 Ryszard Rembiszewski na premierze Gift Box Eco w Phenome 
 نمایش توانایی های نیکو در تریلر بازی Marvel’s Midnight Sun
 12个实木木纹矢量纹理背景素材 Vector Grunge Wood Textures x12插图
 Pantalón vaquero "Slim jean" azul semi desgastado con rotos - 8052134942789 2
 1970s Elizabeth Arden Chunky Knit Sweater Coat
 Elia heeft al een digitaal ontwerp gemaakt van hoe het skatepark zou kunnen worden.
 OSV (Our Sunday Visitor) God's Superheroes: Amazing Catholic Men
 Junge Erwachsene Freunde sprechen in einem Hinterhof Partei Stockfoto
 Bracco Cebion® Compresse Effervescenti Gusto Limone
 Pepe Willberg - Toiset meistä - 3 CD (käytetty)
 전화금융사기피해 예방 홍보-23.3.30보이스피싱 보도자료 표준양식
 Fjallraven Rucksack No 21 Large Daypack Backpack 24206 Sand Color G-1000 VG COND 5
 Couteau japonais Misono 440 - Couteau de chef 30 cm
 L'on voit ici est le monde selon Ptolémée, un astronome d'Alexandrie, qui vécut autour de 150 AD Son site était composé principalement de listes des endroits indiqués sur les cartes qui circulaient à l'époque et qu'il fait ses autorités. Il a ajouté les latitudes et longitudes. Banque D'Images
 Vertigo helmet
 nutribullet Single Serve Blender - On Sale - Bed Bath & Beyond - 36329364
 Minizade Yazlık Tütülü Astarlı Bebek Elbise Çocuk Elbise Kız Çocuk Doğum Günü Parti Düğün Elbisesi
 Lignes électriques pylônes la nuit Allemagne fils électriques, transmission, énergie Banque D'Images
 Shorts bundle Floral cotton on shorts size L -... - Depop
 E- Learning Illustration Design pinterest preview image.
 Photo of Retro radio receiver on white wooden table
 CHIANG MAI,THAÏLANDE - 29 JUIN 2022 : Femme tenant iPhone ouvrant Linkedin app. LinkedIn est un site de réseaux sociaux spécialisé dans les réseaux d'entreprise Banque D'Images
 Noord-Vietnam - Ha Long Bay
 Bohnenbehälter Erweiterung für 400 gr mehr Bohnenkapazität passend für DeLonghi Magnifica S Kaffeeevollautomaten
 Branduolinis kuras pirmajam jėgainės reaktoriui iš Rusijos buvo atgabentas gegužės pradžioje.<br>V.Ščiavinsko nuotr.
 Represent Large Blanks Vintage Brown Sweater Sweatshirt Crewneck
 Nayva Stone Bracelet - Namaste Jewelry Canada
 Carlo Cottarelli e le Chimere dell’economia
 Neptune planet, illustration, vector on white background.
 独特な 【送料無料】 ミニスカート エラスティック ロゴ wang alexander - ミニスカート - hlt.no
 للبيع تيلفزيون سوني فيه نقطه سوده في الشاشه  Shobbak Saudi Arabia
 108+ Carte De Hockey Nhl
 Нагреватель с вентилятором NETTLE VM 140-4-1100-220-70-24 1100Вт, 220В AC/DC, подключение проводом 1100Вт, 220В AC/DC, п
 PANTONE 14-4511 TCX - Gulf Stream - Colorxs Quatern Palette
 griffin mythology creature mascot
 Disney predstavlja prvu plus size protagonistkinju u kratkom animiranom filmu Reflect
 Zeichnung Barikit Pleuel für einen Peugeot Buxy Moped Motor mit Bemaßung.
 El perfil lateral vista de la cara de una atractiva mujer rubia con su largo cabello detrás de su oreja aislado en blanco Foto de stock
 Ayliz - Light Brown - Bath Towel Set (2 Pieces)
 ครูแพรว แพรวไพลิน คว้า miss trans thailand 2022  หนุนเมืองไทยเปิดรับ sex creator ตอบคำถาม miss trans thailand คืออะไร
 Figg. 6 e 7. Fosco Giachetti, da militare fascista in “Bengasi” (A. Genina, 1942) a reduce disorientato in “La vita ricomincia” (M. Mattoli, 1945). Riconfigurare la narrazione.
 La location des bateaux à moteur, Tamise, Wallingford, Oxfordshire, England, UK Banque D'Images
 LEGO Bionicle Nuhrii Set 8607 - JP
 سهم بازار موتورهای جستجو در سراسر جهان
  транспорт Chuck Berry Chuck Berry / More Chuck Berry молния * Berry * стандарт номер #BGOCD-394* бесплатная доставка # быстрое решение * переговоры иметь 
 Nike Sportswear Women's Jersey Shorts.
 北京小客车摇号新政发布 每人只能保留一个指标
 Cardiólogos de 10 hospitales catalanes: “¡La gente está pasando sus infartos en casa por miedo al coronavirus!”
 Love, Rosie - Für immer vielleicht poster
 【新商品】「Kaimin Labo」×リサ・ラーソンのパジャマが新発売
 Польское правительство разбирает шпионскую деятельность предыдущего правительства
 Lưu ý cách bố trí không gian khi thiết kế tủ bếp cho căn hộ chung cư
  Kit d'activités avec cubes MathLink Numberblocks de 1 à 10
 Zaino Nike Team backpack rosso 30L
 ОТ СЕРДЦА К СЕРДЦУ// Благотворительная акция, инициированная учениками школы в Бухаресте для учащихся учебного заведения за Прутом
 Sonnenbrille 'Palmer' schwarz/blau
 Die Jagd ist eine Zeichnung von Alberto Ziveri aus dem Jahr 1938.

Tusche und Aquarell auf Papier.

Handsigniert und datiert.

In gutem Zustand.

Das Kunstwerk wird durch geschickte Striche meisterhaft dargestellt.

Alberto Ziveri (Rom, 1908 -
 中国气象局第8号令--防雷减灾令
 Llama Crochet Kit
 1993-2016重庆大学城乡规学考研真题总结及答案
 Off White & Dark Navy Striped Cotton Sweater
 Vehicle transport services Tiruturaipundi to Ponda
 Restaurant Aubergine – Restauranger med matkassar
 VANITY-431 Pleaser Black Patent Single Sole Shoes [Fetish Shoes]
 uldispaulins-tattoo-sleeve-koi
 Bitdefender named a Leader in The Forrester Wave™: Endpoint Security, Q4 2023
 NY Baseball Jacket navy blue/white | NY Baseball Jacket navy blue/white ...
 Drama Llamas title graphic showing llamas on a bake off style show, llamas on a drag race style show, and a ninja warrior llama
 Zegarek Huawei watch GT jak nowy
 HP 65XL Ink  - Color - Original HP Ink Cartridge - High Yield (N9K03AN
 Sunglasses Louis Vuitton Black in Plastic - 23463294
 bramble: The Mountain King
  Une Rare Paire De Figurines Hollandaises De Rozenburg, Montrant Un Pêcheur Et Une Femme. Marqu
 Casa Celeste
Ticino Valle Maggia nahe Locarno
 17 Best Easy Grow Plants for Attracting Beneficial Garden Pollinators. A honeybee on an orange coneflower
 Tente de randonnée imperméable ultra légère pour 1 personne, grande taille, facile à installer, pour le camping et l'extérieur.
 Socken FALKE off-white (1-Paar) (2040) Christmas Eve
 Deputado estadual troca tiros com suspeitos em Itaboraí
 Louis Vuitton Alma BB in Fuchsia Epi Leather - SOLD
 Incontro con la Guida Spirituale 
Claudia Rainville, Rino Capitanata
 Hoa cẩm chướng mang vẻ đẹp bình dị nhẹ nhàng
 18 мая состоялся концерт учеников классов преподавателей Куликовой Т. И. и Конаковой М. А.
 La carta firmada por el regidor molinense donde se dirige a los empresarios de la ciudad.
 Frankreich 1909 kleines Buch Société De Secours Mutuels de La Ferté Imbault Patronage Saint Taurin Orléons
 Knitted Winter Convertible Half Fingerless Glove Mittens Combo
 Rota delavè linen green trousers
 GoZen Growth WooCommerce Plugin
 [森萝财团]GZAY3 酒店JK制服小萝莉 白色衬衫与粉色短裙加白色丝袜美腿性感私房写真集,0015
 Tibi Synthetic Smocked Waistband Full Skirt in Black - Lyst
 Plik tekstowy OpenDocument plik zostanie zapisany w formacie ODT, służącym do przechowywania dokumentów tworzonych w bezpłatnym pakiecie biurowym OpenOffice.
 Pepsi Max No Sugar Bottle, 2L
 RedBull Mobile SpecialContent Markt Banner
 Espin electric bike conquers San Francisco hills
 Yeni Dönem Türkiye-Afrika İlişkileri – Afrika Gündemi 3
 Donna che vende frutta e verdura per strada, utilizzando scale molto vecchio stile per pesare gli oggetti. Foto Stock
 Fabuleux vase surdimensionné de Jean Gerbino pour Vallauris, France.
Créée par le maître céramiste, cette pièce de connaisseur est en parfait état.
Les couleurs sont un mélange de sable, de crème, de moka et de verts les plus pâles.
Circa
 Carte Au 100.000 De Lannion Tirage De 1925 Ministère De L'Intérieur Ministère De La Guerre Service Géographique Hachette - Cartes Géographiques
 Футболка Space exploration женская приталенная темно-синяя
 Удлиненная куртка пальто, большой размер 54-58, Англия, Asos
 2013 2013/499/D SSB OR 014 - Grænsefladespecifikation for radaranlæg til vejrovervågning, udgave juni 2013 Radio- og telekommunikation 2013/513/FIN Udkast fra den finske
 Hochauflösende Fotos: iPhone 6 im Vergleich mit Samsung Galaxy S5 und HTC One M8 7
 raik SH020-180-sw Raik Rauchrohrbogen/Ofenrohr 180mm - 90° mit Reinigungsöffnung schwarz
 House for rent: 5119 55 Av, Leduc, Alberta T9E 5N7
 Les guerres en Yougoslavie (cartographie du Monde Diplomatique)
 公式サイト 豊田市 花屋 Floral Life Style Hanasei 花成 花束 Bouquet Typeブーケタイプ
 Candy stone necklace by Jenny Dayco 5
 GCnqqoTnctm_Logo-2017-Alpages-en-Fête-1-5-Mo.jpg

### Your assignment
Show the lines of the entries that include the string "pour", copying each in full.

### Your response
 Tente de randonnée imperméable ultra légère pour 1 personne, grande taille, facile à installer, pour le camping et l'extérieur.
 Fabuleux vase surdimensionné de Jean Gerbino pour Vallauris, France.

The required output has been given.